TASK REQUIREMENTS: Look below for the line that contains "12-facts-about-loma-prieta-earthquake-1989", then quote it and all the lines after it, exactly, with the pictures left out.

(Beginning of MATERIAL PROVIDED)

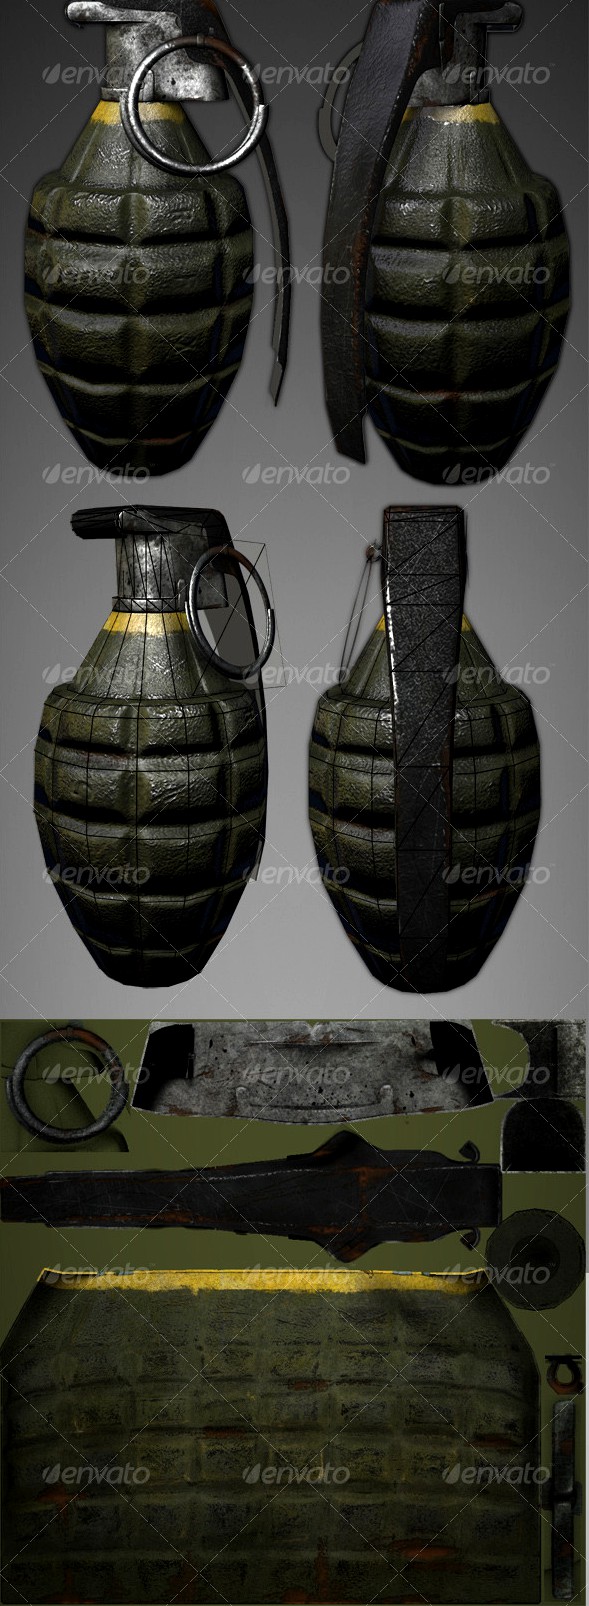 Lowpoly Pineapple Grenade
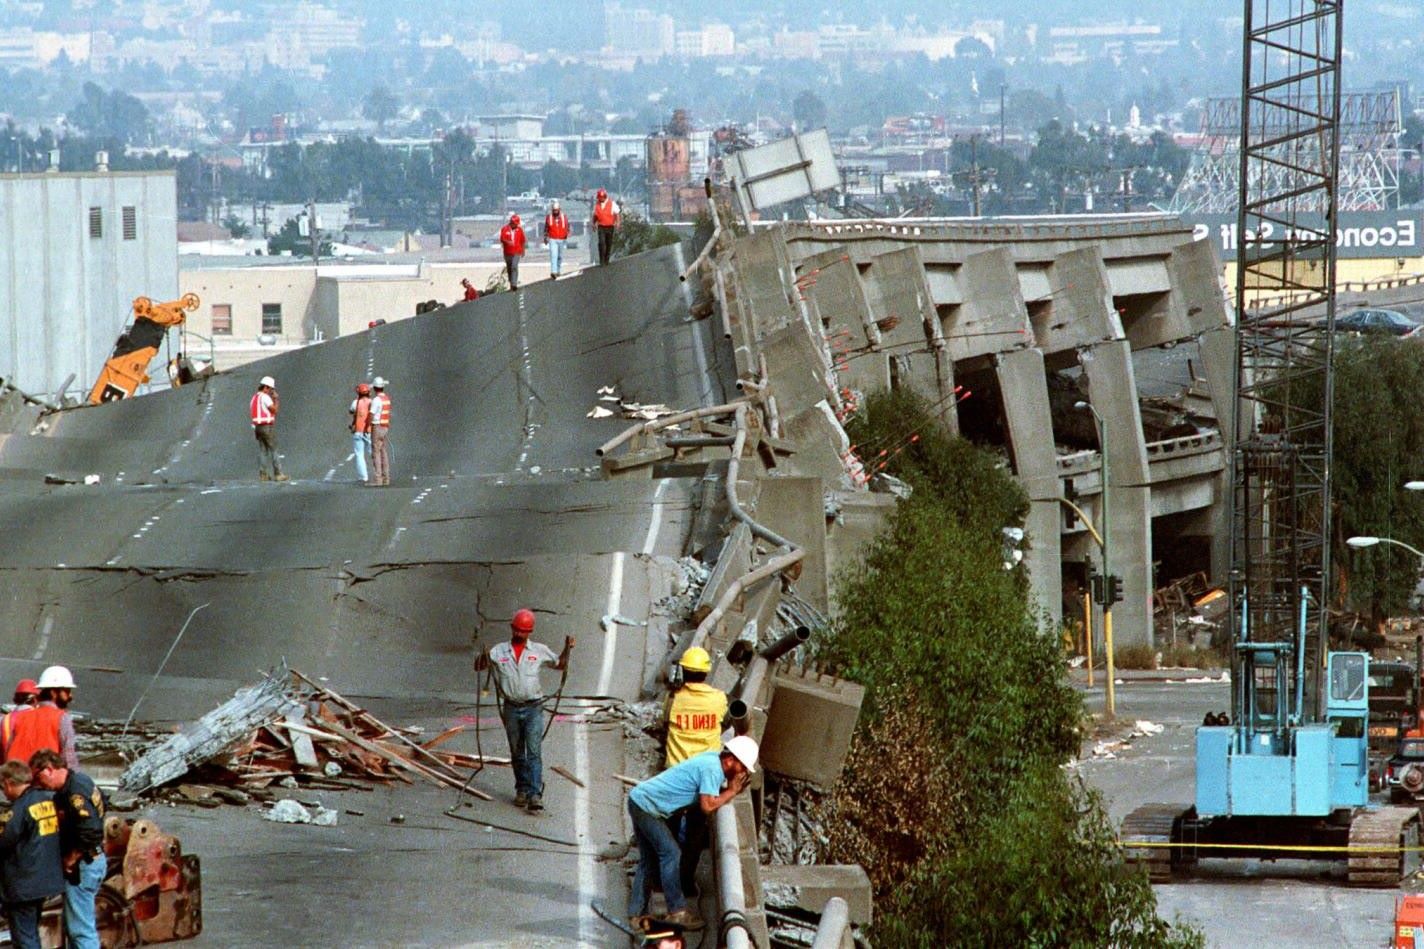 12-facts-about-loma-prieta-earthquake-1989
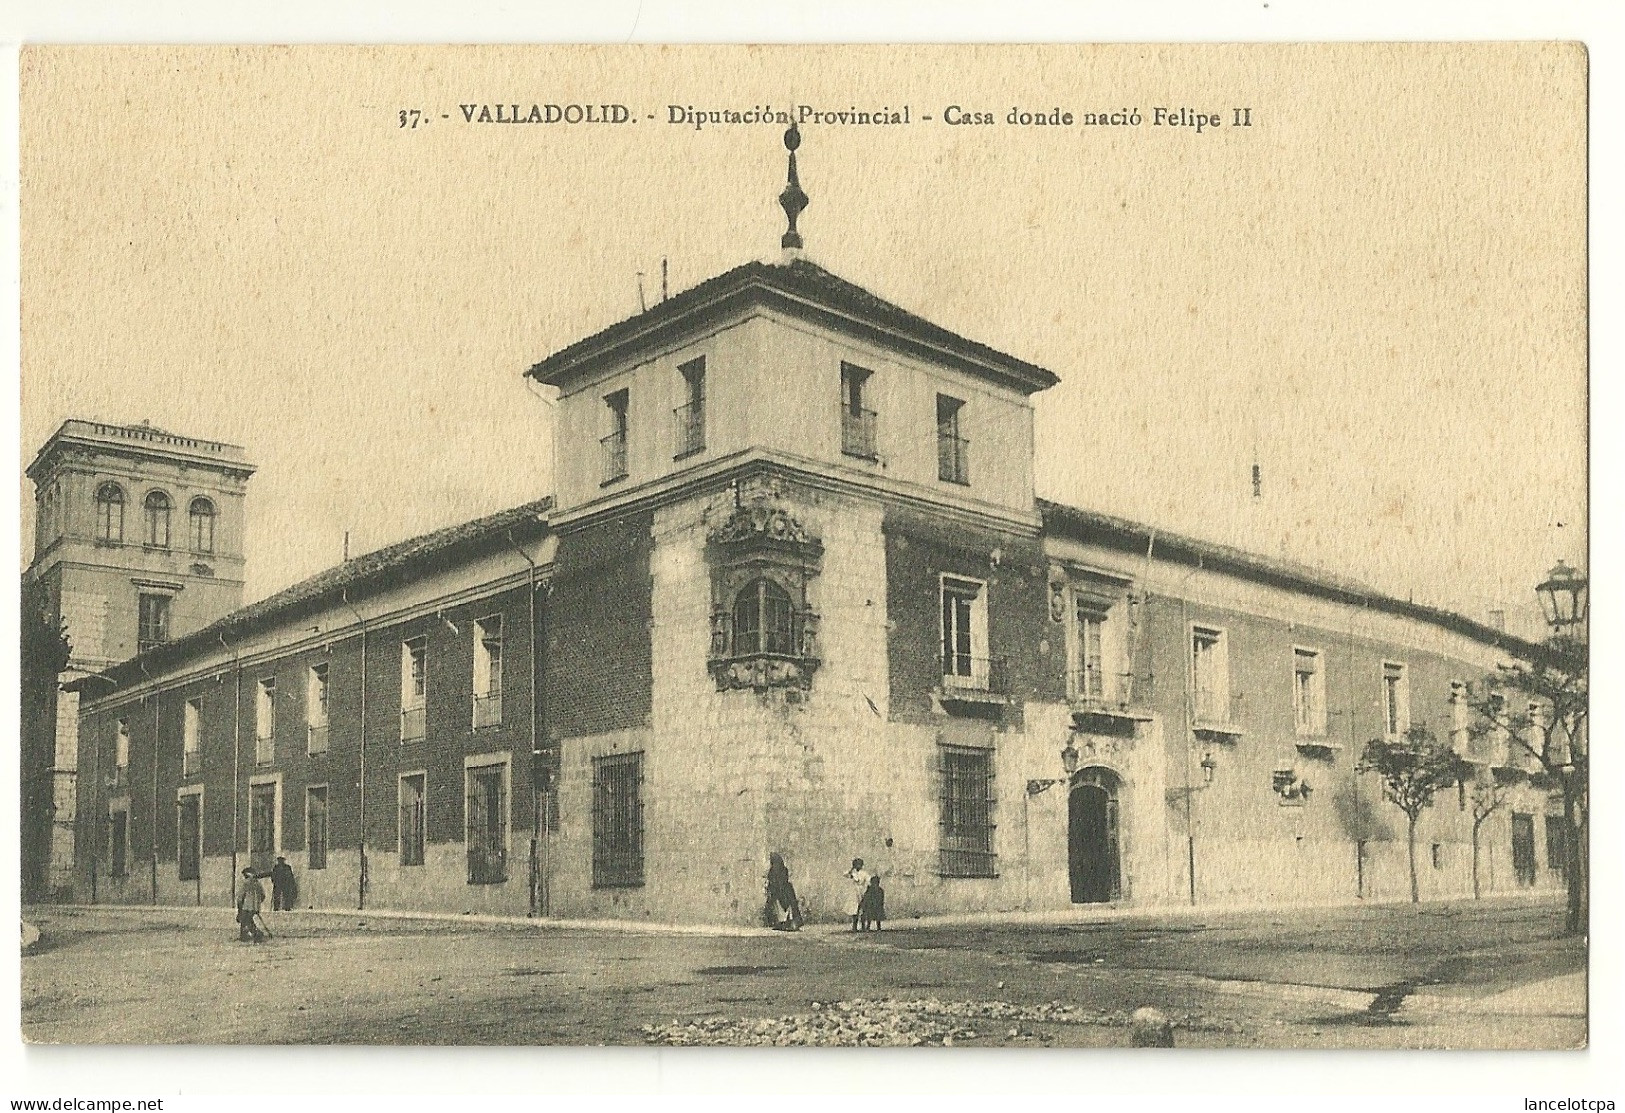 VALLADOLID / DIPUTACION PROVINCIAL - CASA DONDE NACIO FELIPE II - Valladolid
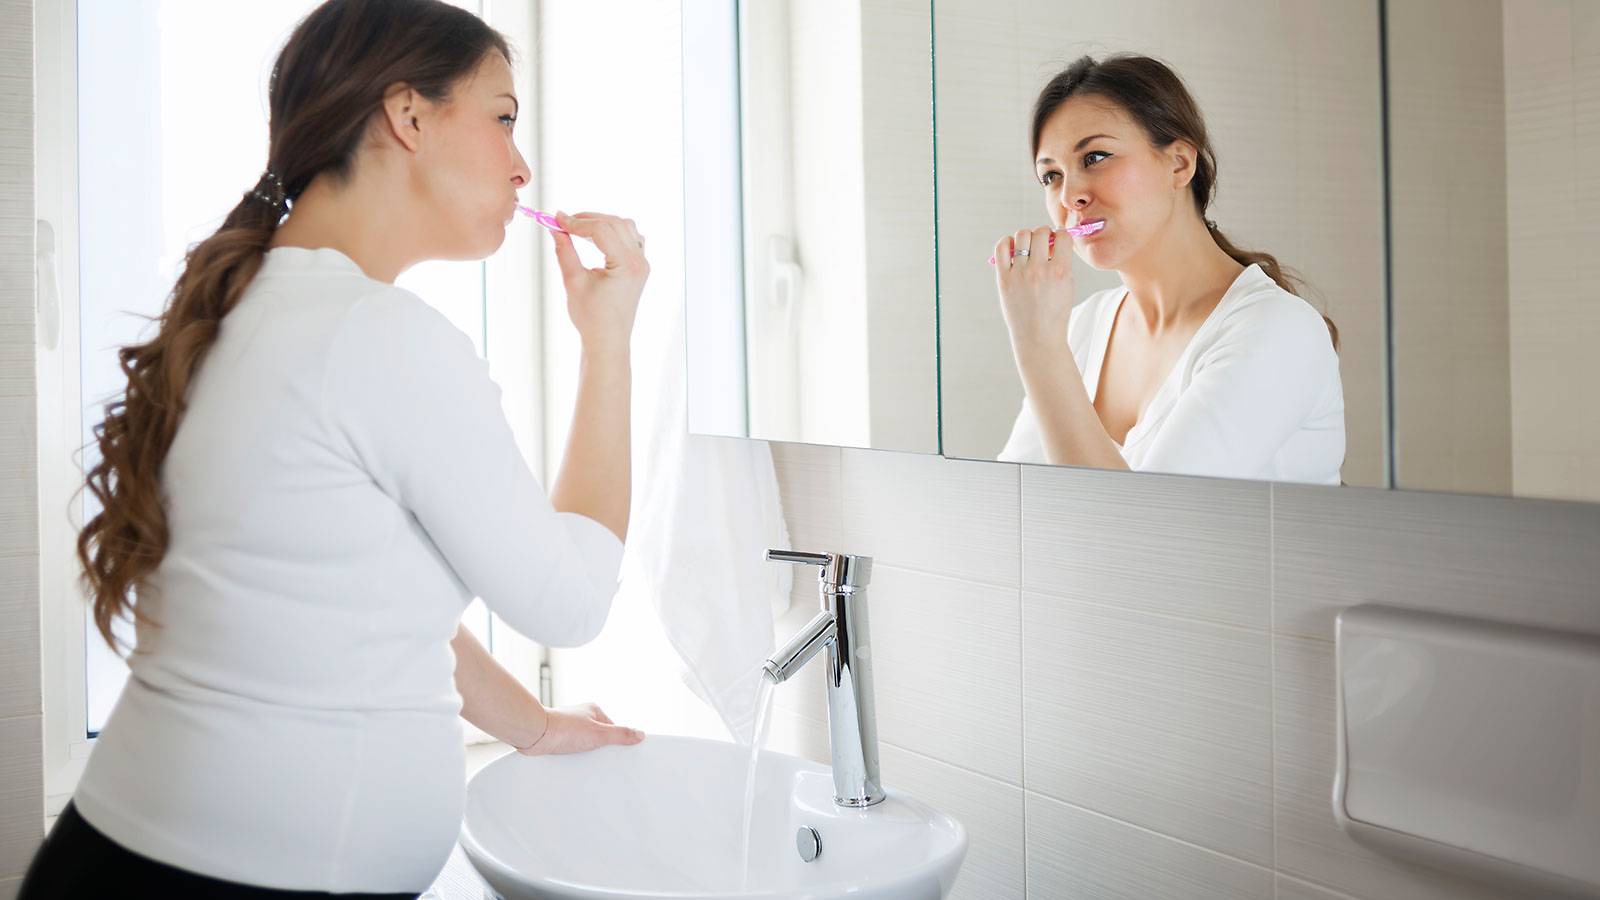 Phụ nữ mang thai cần vệ sinh răng miệng cẩn thận và kỹ lưỡng
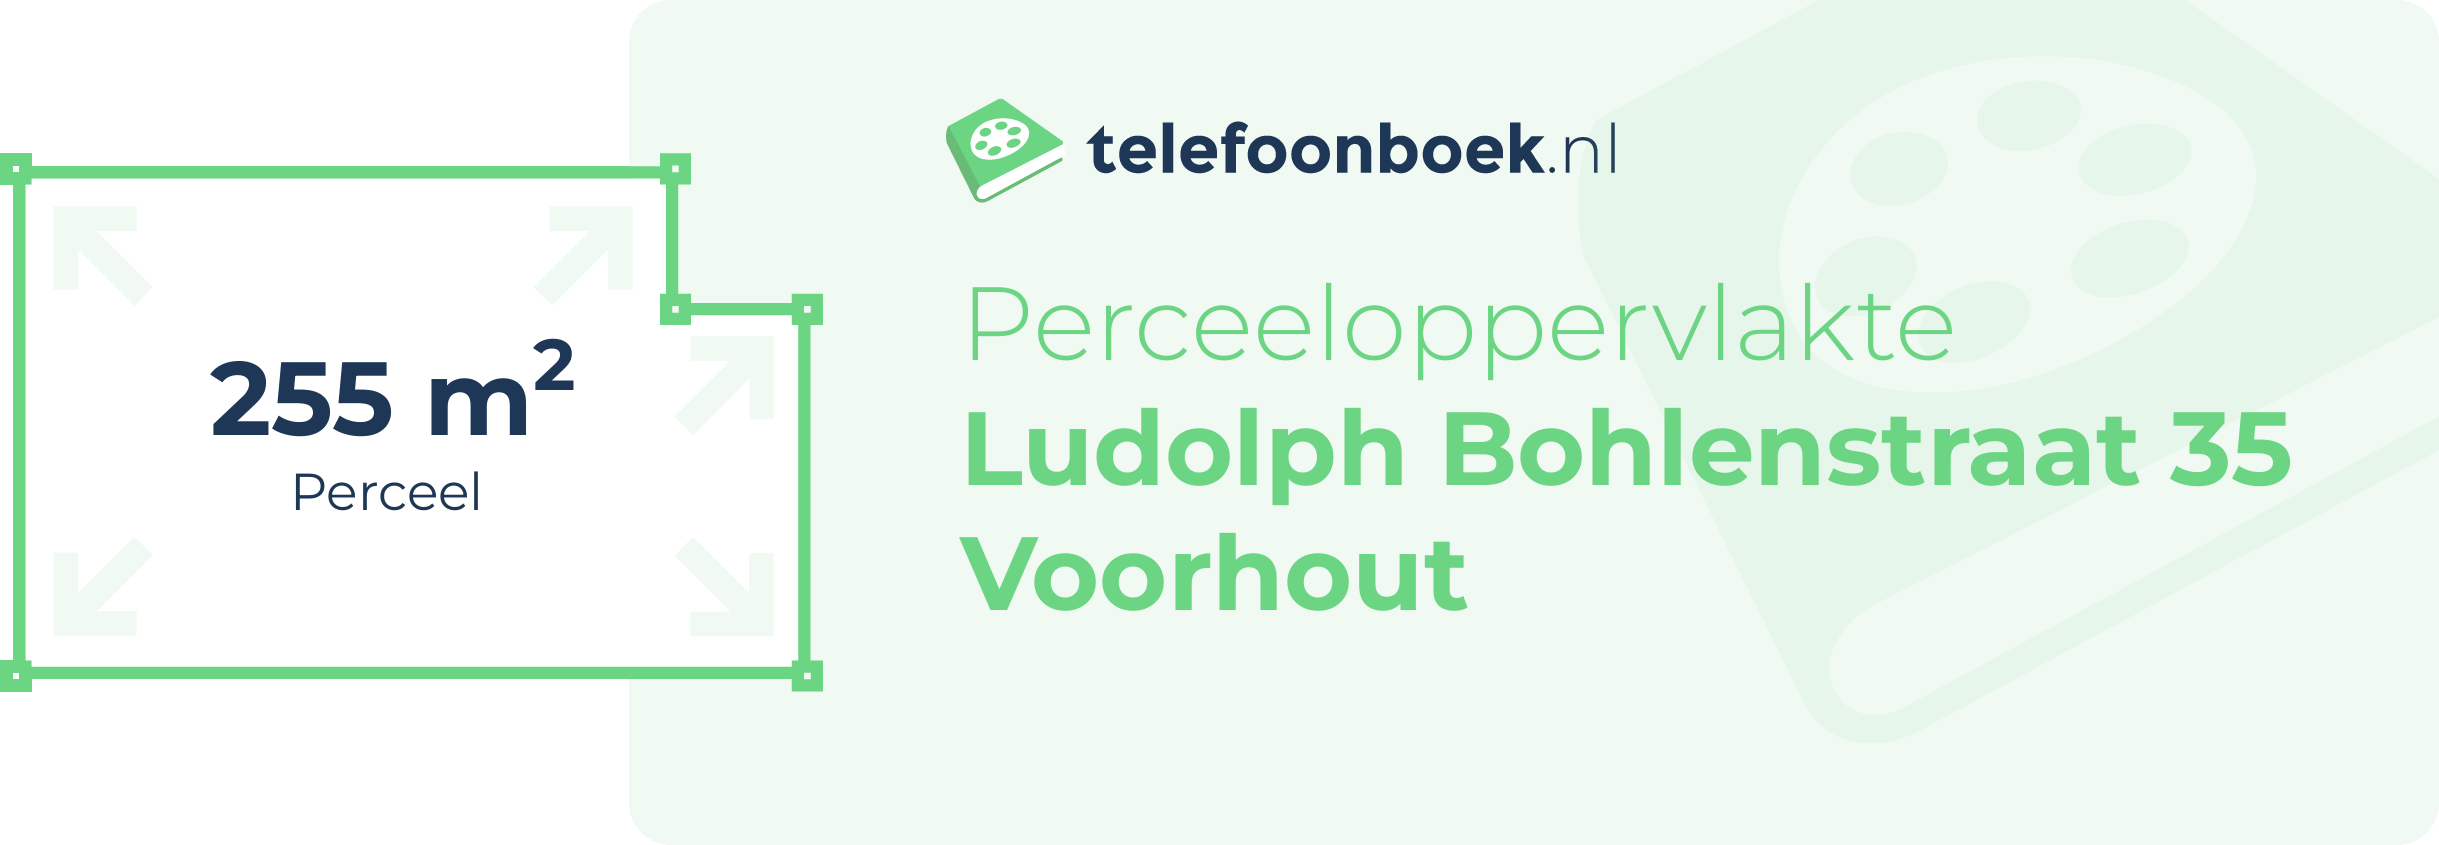 Perceeloppervlakte Ludolph Bohlenstraat 35 Voorhout

(End of MATERIAL PROVIDED)

PROBLEM SOLUTION:
 12-facts-about-loma-prieta-earthquake-1989
 VALLADOLID / DIPUTACION PROVINCIAL - CASA DONDE NACIO FELIPE II - Valladolid
 Phụ nữ mang thai cần vệ sinh răng miệng cẩn thận và kỹ lưỡng
 Perceeloppervlakte Ludolph Bohlenstraat 35 Voorhout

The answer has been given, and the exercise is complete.